> About this exercise: Pictures are to be dropped from the copy. Retype the listing exactly.

> Source material:
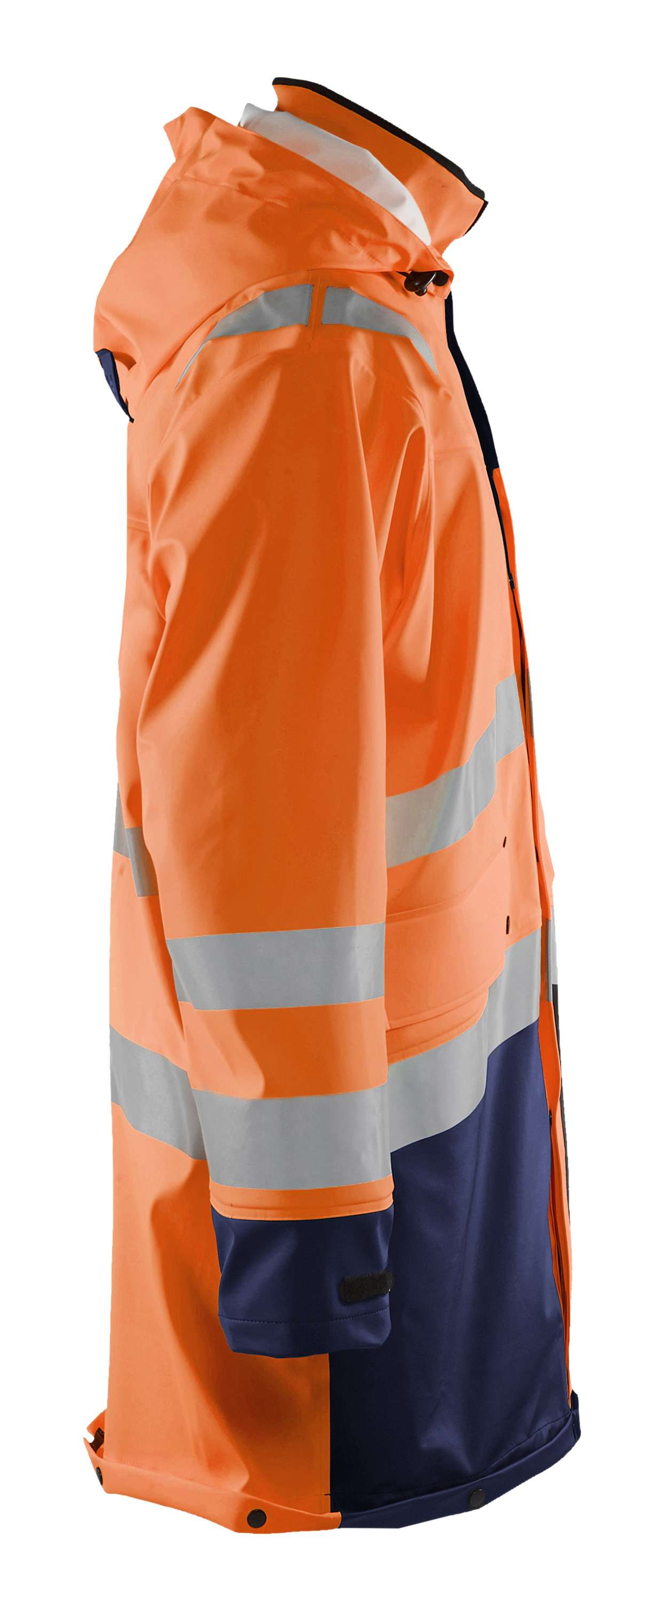 Blaklader Regenjassen 43262005 High Vis oranje-marineblauw(5389)
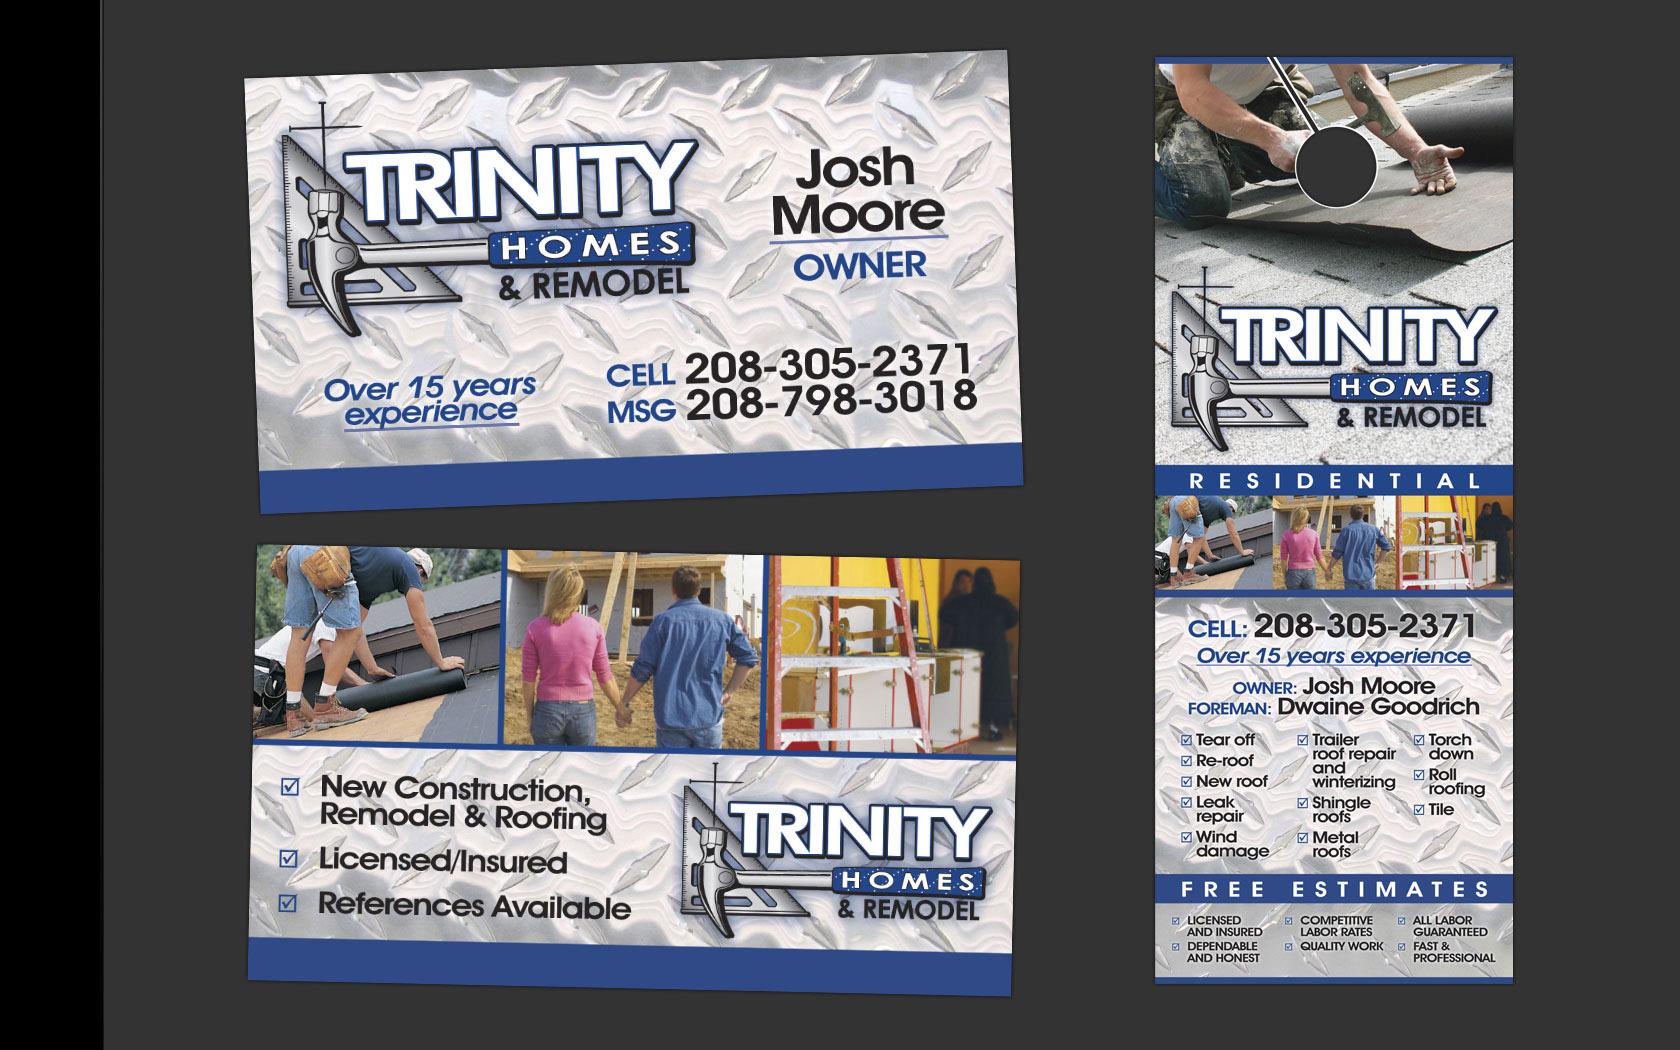 TrinityHomes_1680x1050.jpg
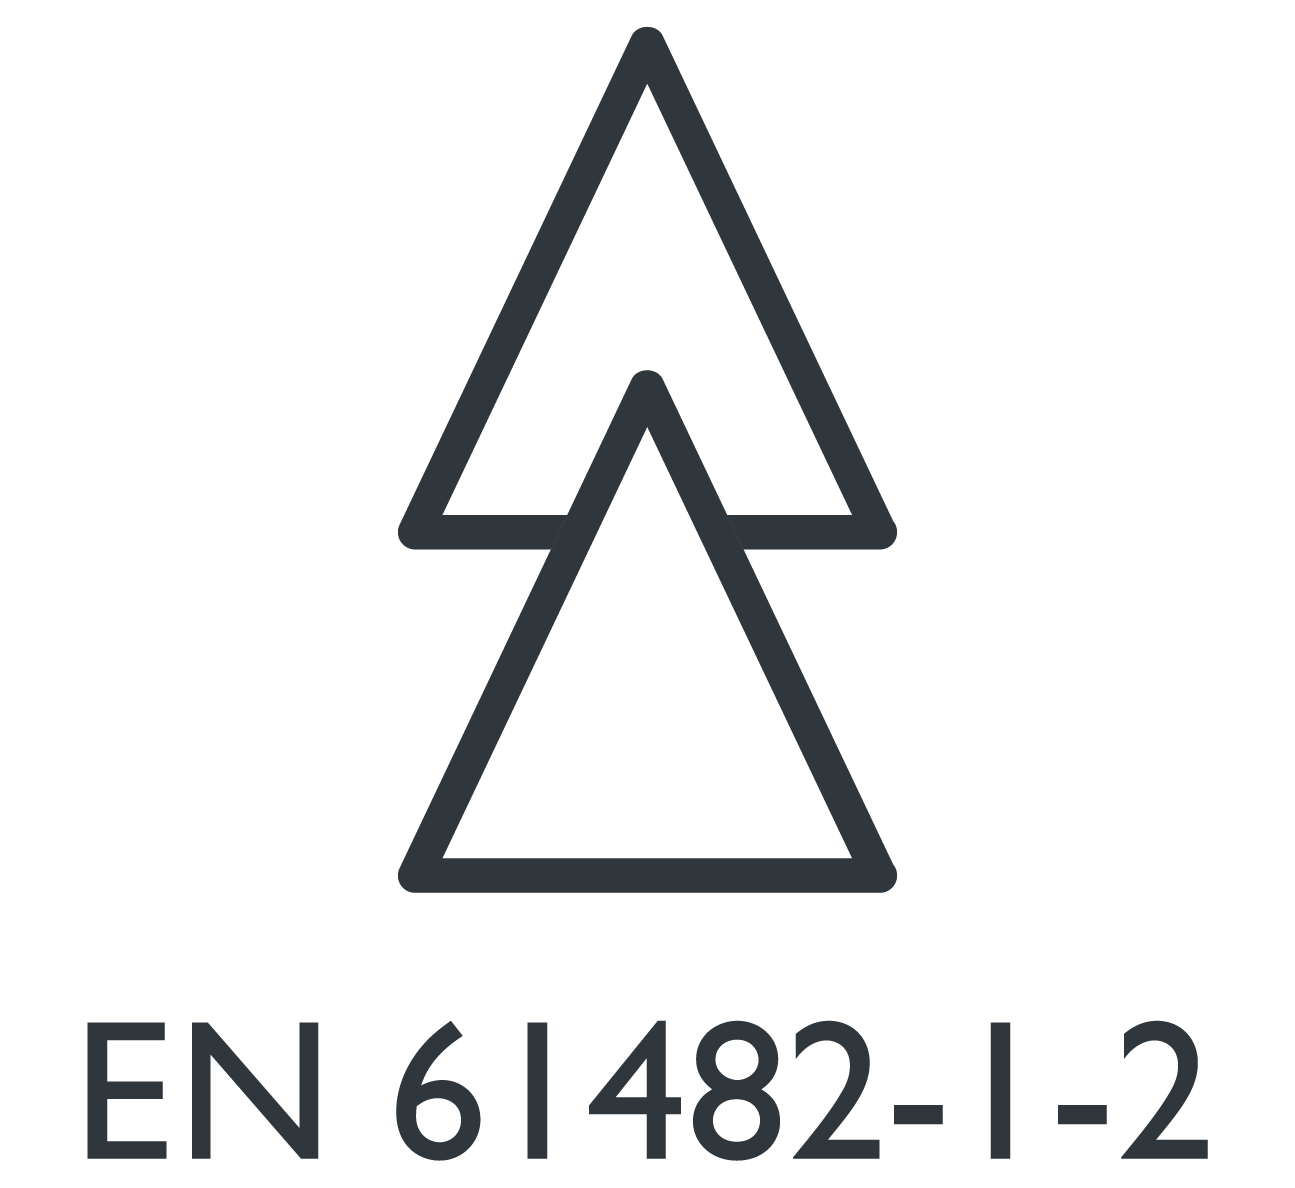 EN 61482-1-2 protective clothing arc flash
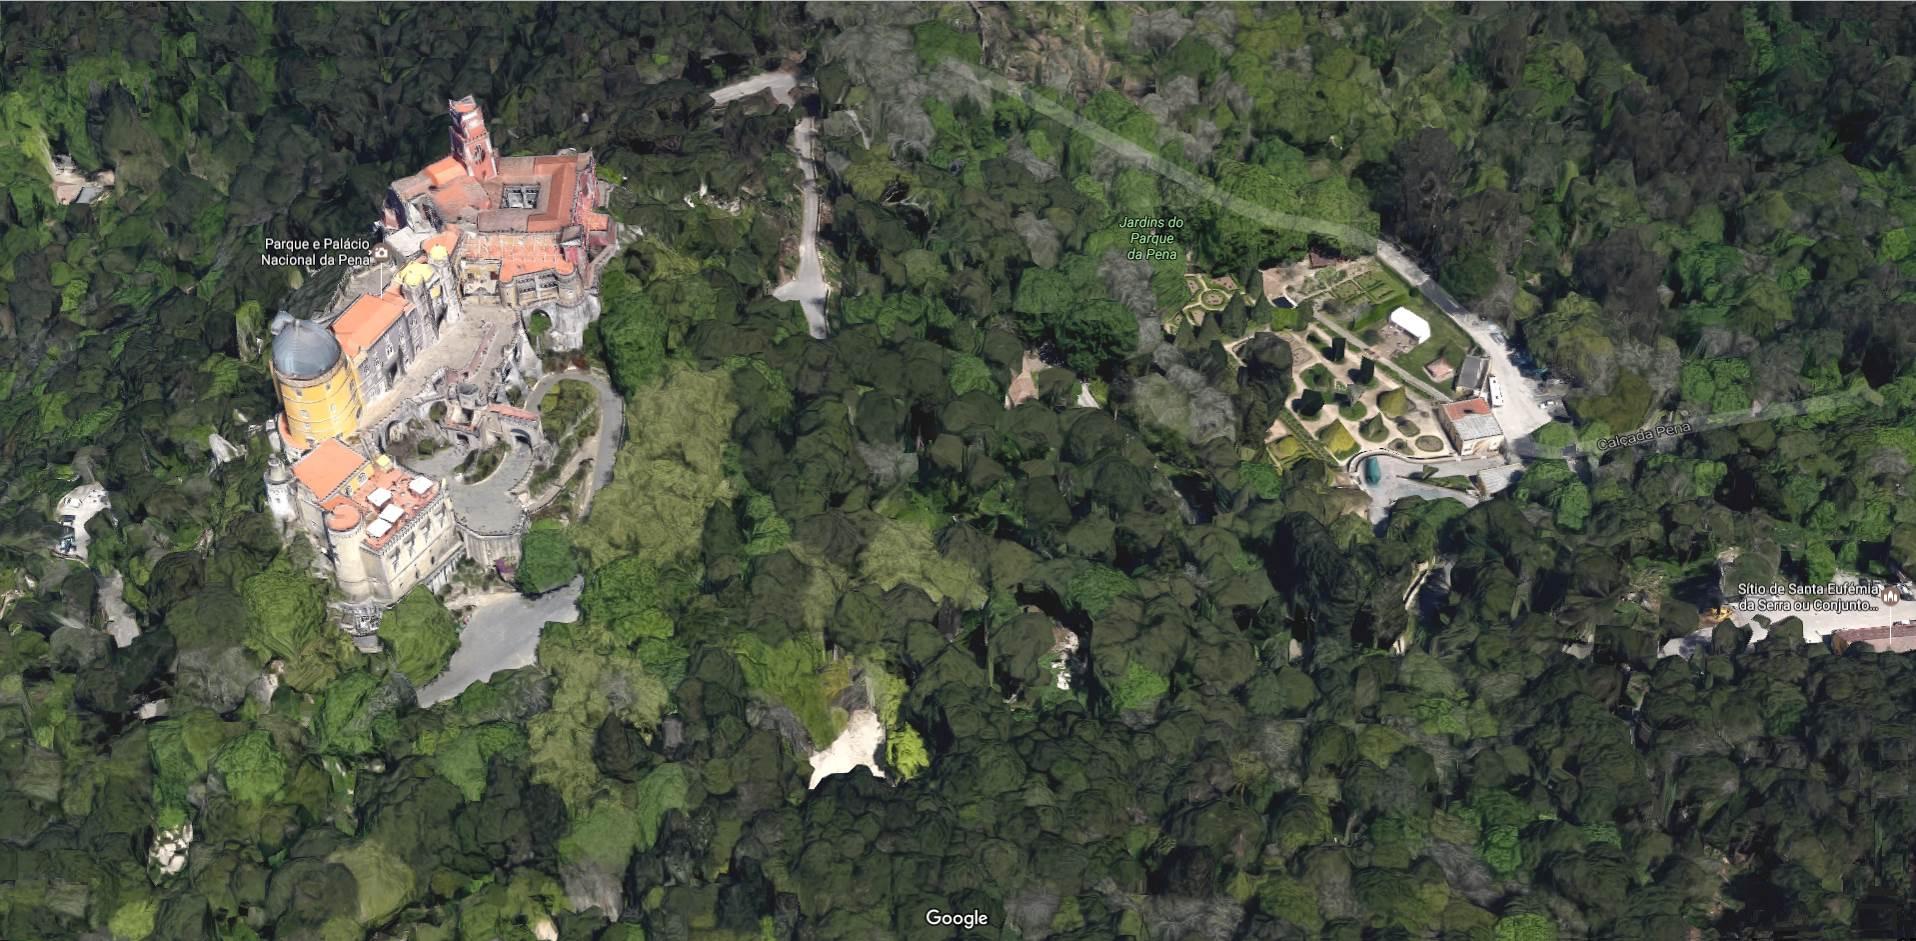 Pena Palace Sintra Portugal # Muebles Moedano
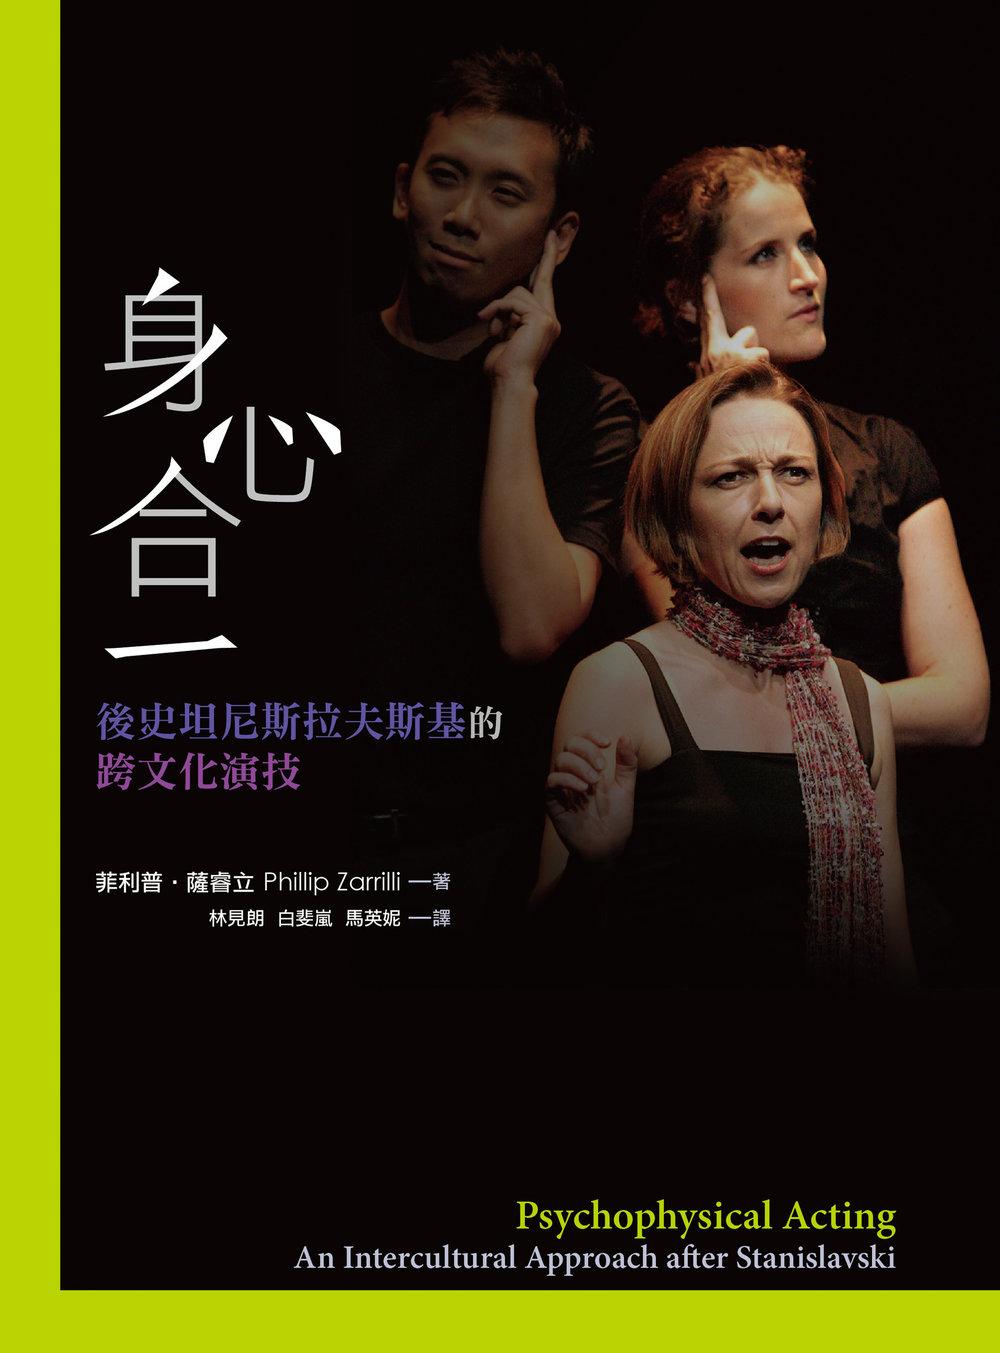 Mandarin translation published by Bookman Press, Taipei, 2014.
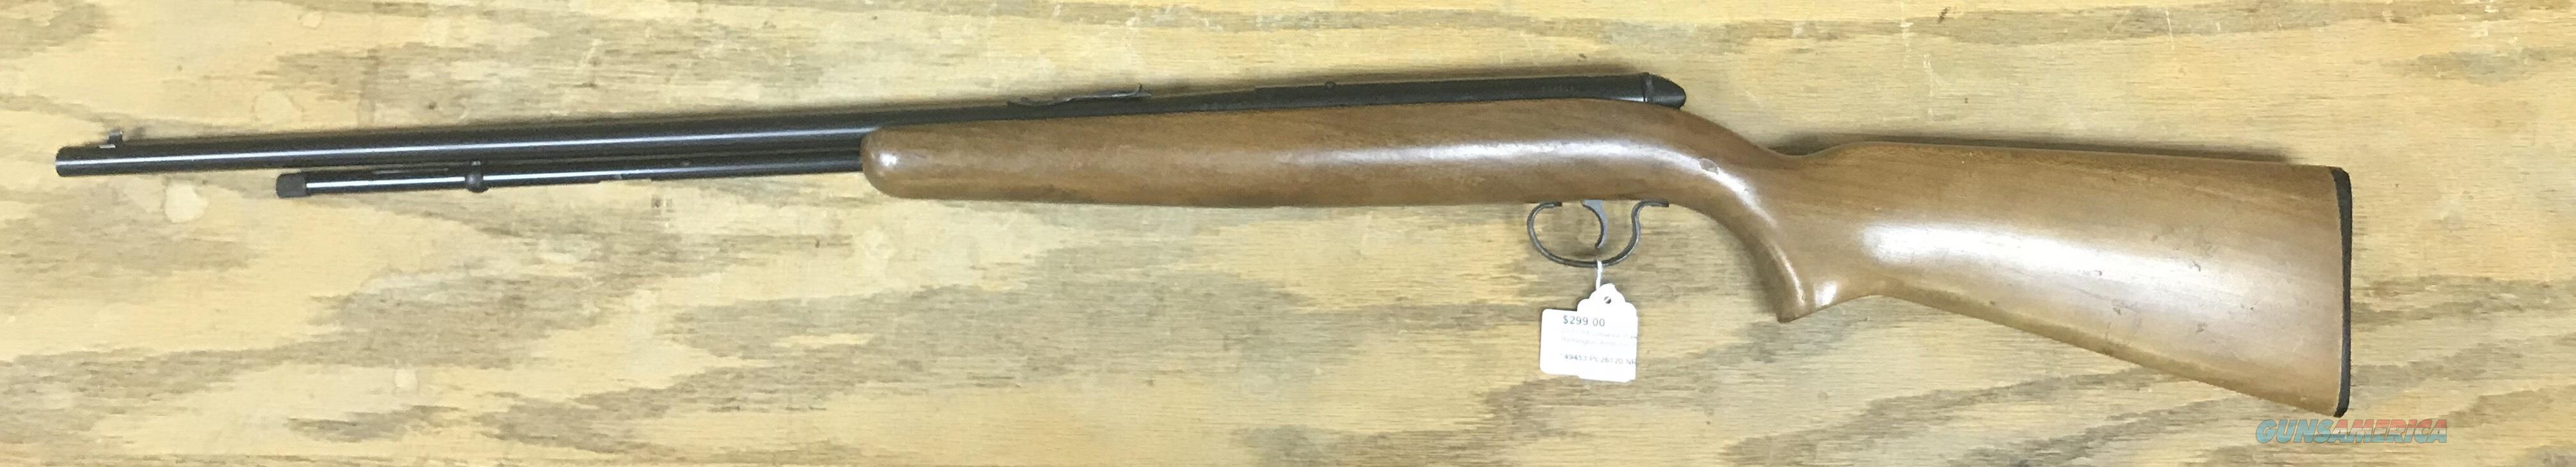 Remington Arms Riffle 550h  Guns > Rifles > Remington Rifles - Modern > .22 Rimfire Models

> Result below:
 Blaklader Regenjassen 43262005 High Vis oranje-marineblauw(5389)
 TrinityHomes_1680x1050.jpg
 EN 61482-1-2 protective clothing arc flash
 Pena Palace Sintra Portugal # Muebles Moedano
 Mandarin translation published by Bookman Press, Taipei, 2014.
 Remington Arms Riffle 550h  Guns > Rifles > Remington Rifles - Modern > .22 Rimfire Models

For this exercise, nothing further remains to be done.